### Task to complete
Only one stretch of the data below should be repeated: the lines from the line containing "We have been" through the line containing "Pillowcases for Sleeping", inclusive, exactly as they are.

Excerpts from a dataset
☆ ☆ ☆

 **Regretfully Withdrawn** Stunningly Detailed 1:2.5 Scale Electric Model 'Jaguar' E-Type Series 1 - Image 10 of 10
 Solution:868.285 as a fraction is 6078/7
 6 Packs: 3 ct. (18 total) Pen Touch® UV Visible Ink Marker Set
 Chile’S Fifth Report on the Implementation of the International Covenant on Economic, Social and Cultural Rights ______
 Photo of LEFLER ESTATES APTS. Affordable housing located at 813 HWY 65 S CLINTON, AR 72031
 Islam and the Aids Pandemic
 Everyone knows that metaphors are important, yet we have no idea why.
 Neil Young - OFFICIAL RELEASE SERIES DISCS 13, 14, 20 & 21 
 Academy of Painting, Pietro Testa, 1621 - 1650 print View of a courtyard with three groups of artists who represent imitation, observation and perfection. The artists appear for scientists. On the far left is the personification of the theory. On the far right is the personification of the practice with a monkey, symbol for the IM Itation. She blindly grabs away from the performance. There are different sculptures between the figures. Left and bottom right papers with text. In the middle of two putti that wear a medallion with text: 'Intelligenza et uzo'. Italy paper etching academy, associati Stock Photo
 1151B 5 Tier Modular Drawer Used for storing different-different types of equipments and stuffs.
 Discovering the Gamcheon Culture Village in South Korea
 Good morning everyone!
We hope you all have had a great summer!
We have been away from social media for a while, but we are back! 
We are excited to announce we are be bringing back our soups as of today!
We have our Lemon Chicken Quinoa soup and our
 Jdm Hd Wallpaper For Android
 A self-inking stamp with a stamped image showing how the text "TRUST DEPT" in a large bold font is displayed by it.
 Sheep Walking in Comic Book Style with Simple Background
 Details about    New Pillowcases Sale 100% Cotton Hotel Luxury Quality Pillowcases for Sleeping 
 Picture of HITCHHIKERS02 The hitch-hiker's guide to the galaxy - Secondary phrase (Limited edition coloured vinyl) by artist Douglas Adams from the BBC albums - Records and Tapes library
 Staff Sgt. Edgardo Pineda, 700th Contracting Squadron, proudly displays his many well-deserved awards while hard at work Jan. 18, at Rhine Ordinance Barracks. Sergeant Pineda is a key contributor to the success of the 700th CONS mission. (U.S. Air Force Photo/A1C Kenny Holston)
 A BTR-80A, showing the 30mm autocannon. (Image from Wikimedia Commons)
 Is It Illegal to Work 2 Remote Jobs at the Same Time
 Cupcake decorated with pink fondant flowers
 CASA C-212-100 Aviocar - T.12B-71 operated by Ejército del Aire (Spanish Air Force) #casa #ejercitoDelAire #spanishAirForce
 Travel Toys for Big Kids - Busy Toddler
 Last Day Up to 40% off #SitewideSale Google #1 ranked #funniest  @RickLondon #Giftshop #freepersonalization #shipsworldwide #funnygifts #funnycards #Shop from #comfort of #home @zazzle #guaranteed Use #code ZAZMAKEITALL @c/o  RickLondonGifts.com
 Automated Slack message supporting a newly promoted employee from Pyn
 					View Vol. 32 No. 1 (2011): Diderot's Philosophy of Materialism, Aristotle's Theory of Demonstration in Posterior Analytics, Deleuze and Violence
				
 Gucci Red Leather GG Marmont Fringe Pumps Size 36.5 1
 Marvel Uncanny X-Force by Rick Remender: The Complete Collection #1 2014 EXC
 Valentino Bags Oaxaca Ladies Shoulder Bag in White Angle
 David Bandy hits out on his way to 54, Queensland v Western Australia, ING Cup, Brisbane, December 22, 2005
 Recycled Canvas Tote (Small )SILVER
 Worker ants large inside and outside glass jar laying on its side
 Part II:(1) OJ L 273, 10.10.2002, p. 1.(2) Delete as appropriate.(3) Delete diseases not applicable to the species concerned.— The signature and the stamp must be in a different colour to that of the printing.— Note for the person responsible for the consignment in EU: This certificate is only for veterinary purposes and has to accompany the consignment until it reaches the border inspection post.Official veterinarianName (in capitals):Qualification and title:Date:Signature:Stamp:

☆ ☆ ☆

### Answer section
We have been away from social media for a while, but we are back! 
We are excited to announce we are be bringing back our soups as of today!
We have our Lemon Chicken Quinoa soup and our
 Jdm Hd Wallpaper For Android
 A self-inking stamp with a stamped image showing how the text "TRUST DEPT" in a large bold font is displayed by it.
 Sheep Walking in Comic Book Style with Simple Background
 Details about    New Pillowcases Sale 100% Cotton Hotel Luxury Quality Pillowcases for Sleeping 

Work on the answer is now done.